Your task ▸ Write out exactly the lines from the one containing "Peinture Sur Porcelaine" to the end of the material, both ends included, and nothing else. Leave pictures out.

Data below ▸
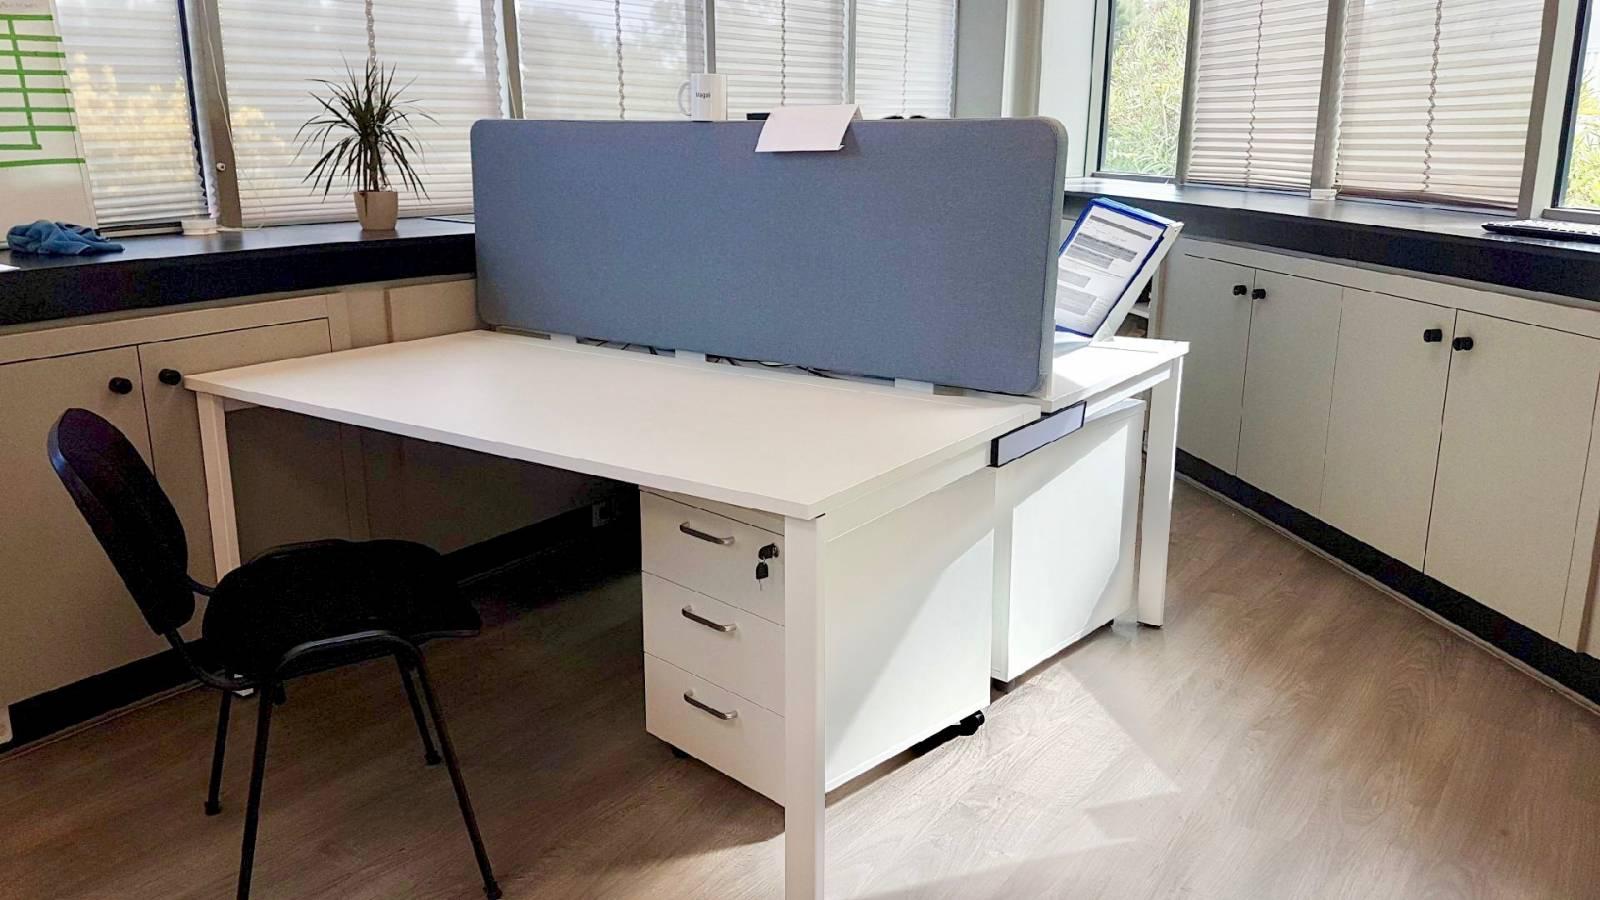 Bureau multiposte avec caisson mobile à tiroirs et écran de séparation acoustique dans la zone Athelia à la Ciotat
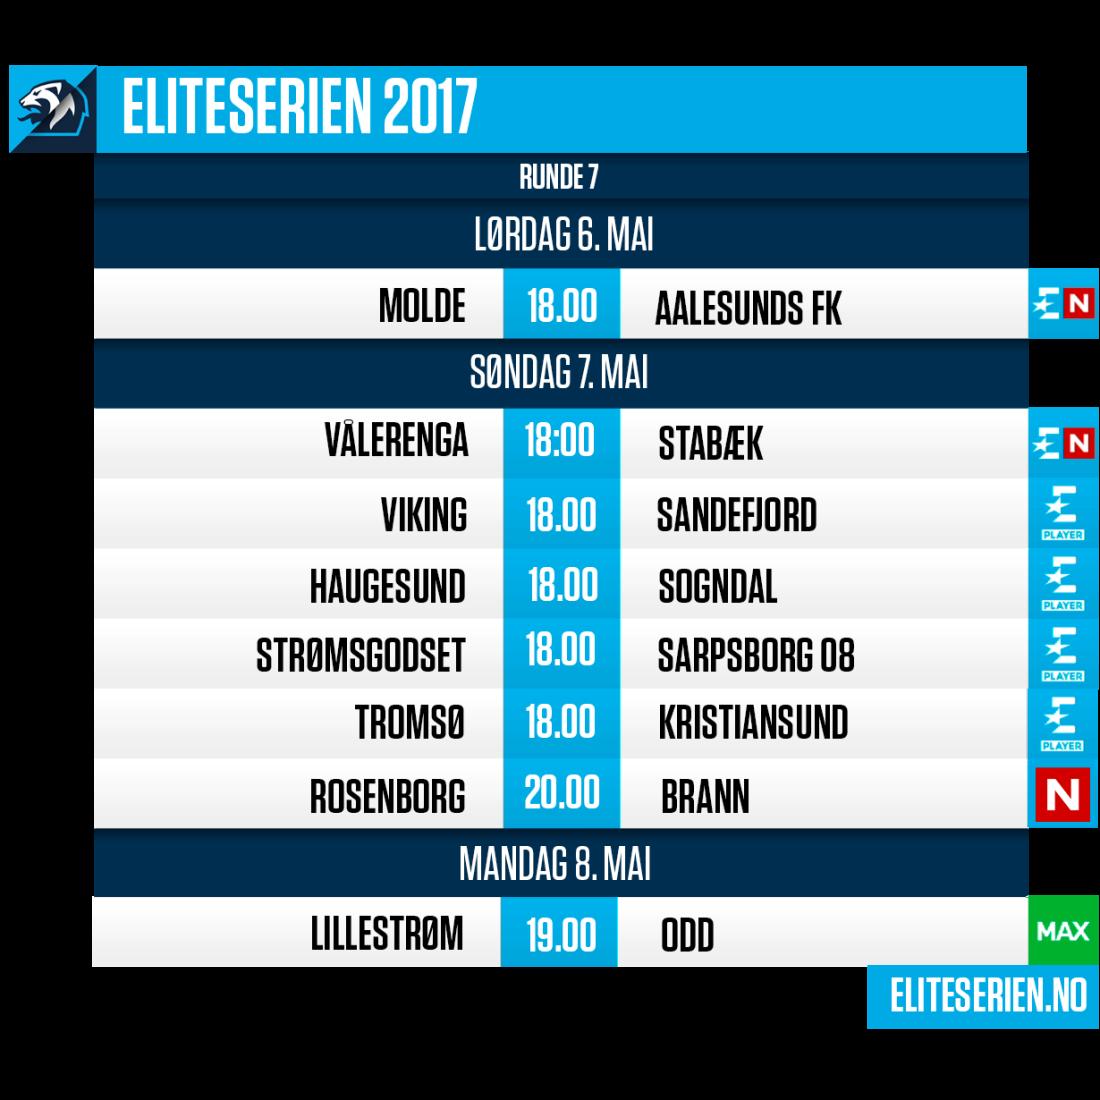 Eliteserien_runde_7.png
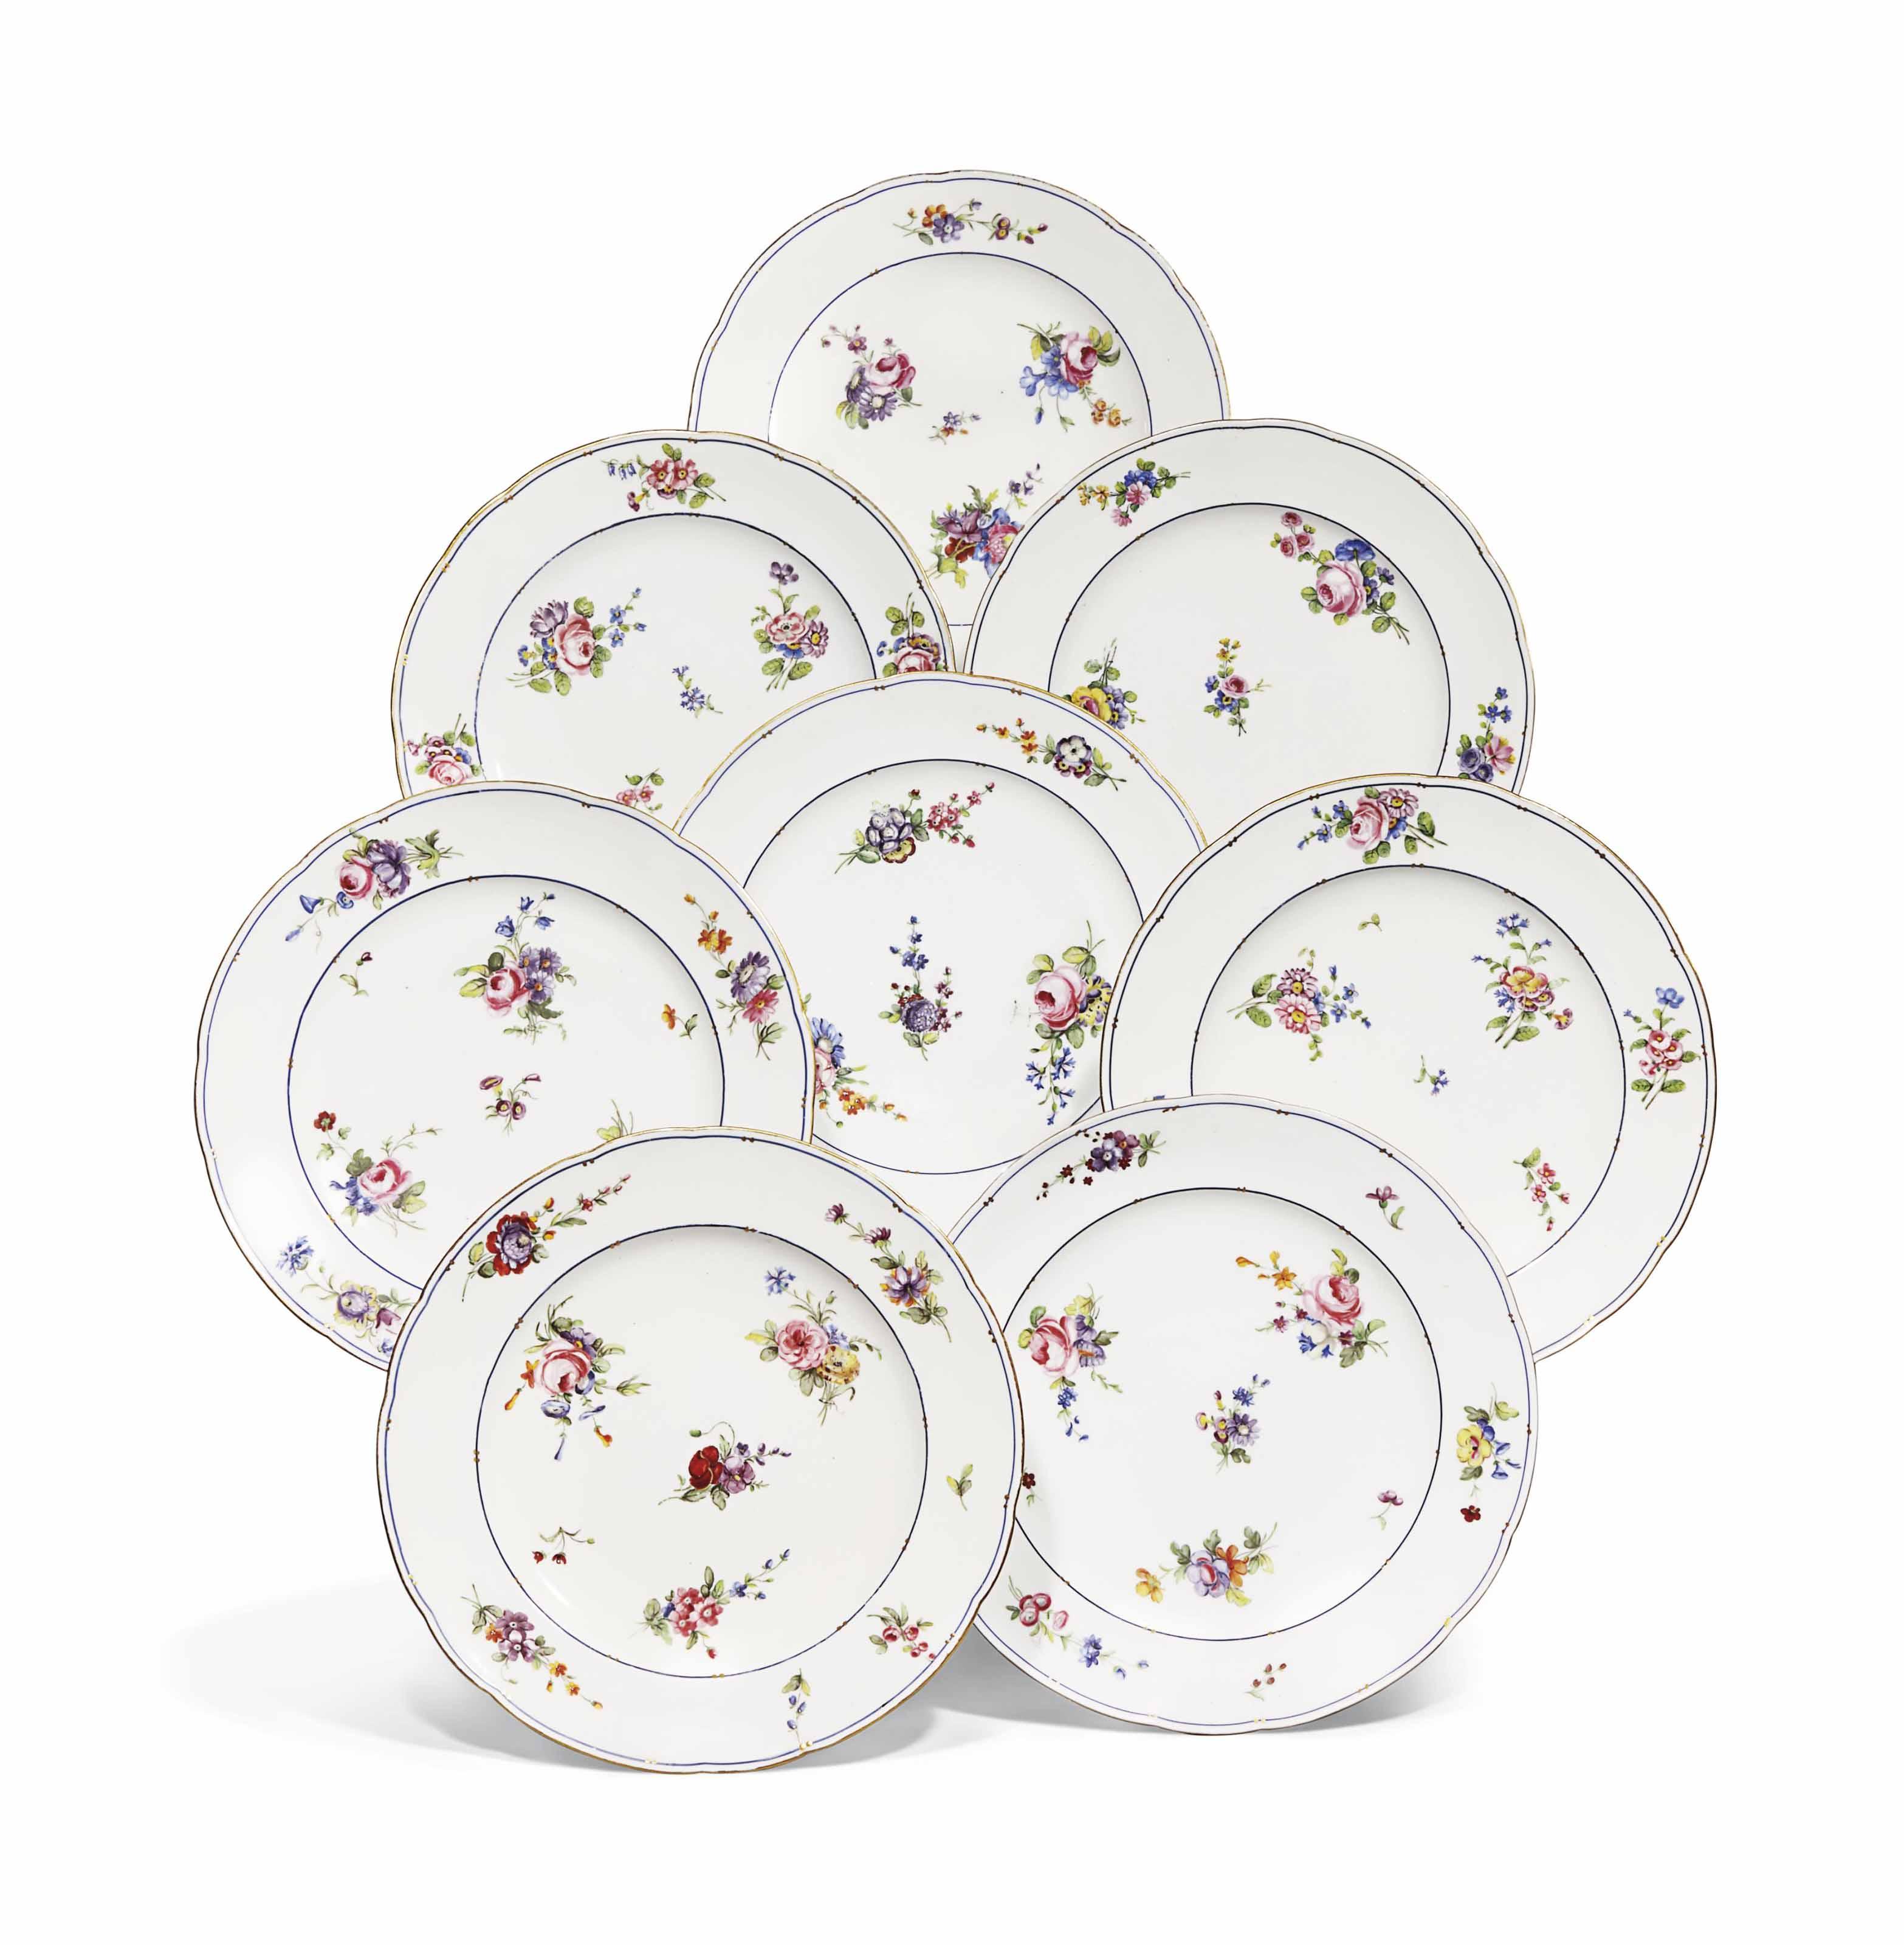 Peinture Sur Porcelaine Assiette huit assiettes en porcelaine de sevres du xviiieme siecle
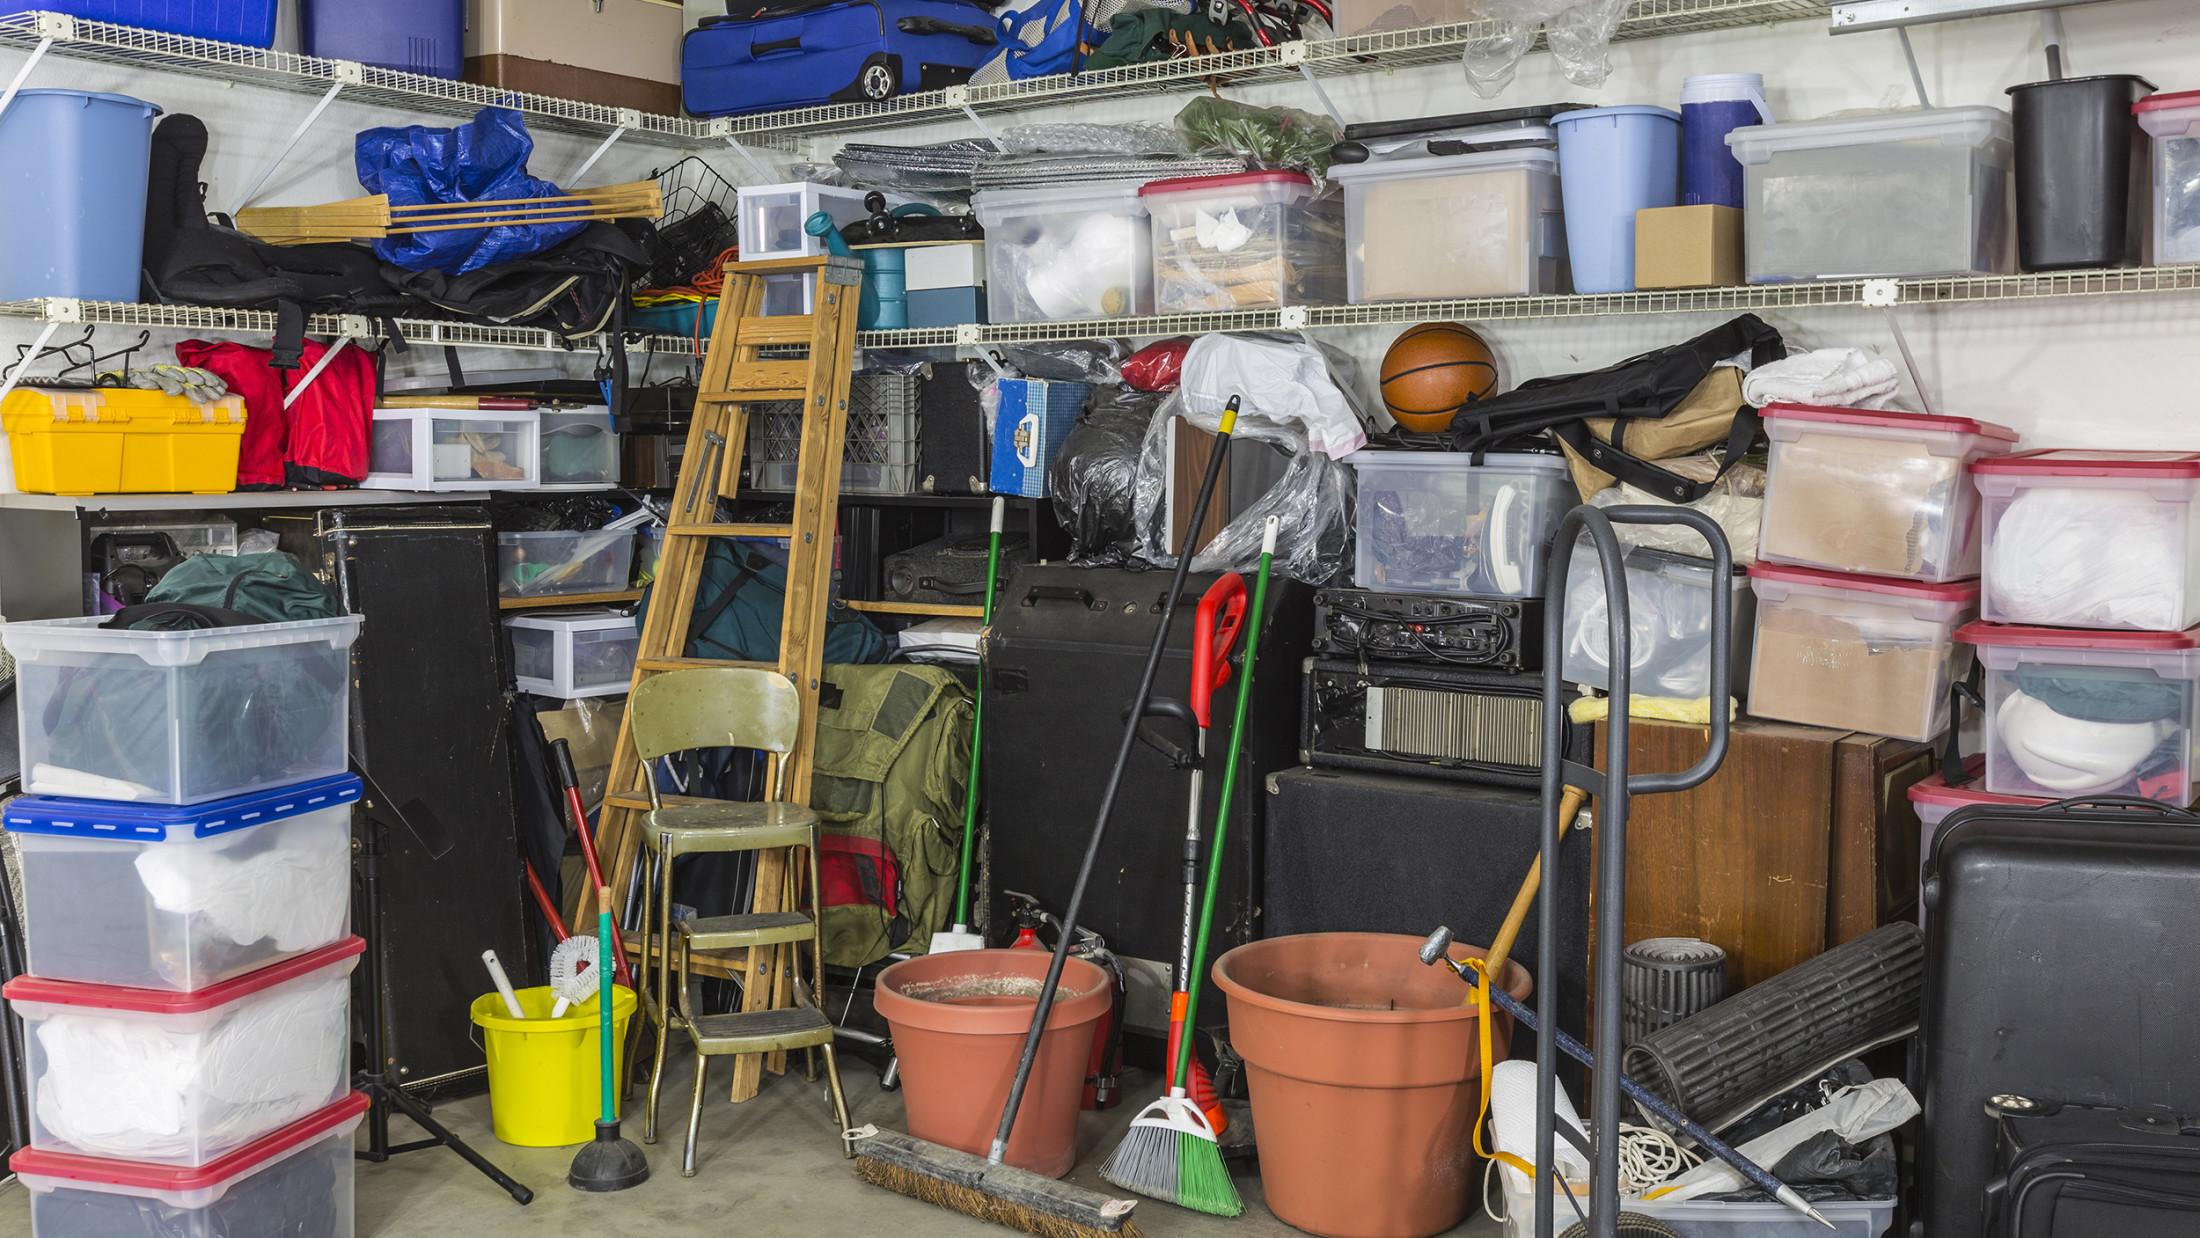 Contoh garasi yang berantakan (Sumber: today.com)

Response to this exercise ▸
 Peinture Sur Porcelaine Assiette huit assiettes en porcelaine de sevres du xviiieme siecle
 Contoh garasi yang berantakan (Sumber: today.com)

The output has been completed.